Mario Party 3 was the final game in the trio of Mario Party games for the Nintendo 64. Chilly Waters was the first board in the game full of snowmen, icy traps, and familiar characters from Mario 64. Out of the trio of N64 Mario Party games, Mario Party 3 is the game that I remember the least of. I do know that Waluigi made his first Mario Party appearance in the game, having his own board. He was a playable character, too, alongside Daisy. Out of the Nintendo 64 Mario Parties, though, my favorite happens to be Mario Party 2. The first Mario Party game had too many ridiculous mini-games that required robotic rapid finger movements. You could have the blisters to prove it.



v708. Professor Layton and the Unwound Future - The Professor's Trunk (Minicar)


Professor Layton is a series that features a story where progression is gained through solving simple to complex brain teasers and puzzles. The franchise is still strong having just released its fifth installment in Japan. Of course, the rest of the world has only seen three games. The minicar mini-game had players placing directional tiles to guide the professor's minicar to the goal. The catch is that you only had a limited amount of tiles to work with, and when you throw in the ability to make the car leap, and you have one complex and thoroughly challenging (and fun) mini-game.



v709. Killer7 - Electronical Parade


Nothing like haunting carnival music to get you in the mood to track down and slay Heaven's Smiles. Killer7 was originally planned as one of the Capcom Five, a handful of Gamecube exclusives that would propel the system to new heights. It didn't turn out as planned. Dead Phoenix was canceled, Viewtiful Joe got an upgrade on the PlayStation 2, same with Resident Evil 4, P.N. 03 was a dud, and Killer7 wound up on the PS2 as well. To be fair the Gamecube did get Gotcha Force which almost makes up for it.

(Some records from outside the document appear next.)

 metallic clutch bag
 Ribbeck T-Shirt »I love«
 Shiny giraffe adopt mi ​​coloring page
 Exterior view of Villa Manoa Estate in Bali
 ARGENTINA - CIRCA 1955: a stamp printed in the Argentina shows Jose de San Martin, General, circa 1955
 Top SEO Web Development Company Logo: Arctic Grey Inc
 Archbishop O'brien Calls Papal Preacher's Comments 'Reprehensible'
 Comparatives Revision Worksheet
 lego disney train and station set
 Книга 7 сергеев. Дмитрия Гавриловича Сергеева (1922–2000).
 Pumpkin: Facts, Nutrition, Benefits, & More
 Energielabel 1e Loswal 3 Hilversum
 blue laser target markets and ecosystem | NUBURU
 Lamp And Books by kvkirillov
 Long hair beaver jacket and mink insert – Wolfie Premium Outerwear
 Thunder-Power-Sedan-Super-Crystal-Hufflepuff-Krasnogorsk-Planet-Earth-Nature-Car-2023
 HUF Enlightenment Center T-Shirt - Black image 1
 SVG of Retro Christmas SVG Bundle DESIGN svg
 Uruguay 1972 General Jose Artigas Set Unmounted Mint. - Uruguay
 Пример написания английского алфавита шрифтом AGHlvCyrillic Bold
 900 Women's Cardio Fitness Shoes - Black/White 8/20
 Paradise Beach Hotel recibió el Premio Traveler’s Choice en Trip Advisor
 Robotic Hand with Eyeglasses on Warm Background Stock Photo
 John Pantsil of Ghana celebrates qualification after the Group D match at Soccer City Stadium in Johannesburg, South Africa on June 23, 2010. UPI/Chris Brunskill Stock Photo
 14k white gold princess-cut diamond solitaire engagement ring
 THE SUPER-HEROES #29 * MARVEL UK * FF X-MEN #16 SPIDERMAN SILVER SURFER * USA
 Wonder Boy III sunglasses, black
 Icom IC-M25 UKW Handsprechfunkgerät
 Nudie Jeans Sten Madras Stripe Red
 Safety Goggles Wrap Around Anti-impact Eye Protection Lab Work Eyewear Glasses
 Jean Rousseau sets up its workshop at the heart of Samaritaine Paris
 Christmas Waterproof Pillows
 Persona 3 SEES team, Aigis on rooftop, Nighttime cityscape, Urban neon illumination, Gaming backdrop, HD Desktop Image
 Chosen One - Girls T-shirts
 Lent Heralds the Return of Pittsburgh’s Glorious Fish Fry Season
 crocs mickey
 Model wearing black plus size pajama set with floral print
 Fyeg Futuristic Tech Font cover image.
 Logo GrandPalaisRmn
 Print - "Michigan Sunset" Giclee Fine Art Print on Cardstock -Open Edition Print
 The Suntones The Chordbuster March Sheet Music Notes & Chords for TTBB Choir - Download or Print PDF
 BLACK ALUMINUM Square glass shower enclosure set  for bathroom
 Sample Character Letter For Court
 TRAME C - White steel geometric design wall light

v710. Kingdom Hearts II - Dance to the Death


Dance to the Death is the final boss theme of the Beauty and the Beast world in Kingdom Hearts II. The soundtrack was composed by Yoko Shimomura who has an illustrious career. I recently tried my hand at Kingdom Hearts: Birth by Sleep, but I was quickly put off by the steep difficulty curve, poor camera and lock-on, and trying to juggle cycling through commands and controlling my guy. As you can read in my review, this is one Kingdom Hearts game you can pass on. As for Kingdom Hearts II, that was a surprisingly great game. Its soundtrack is even better.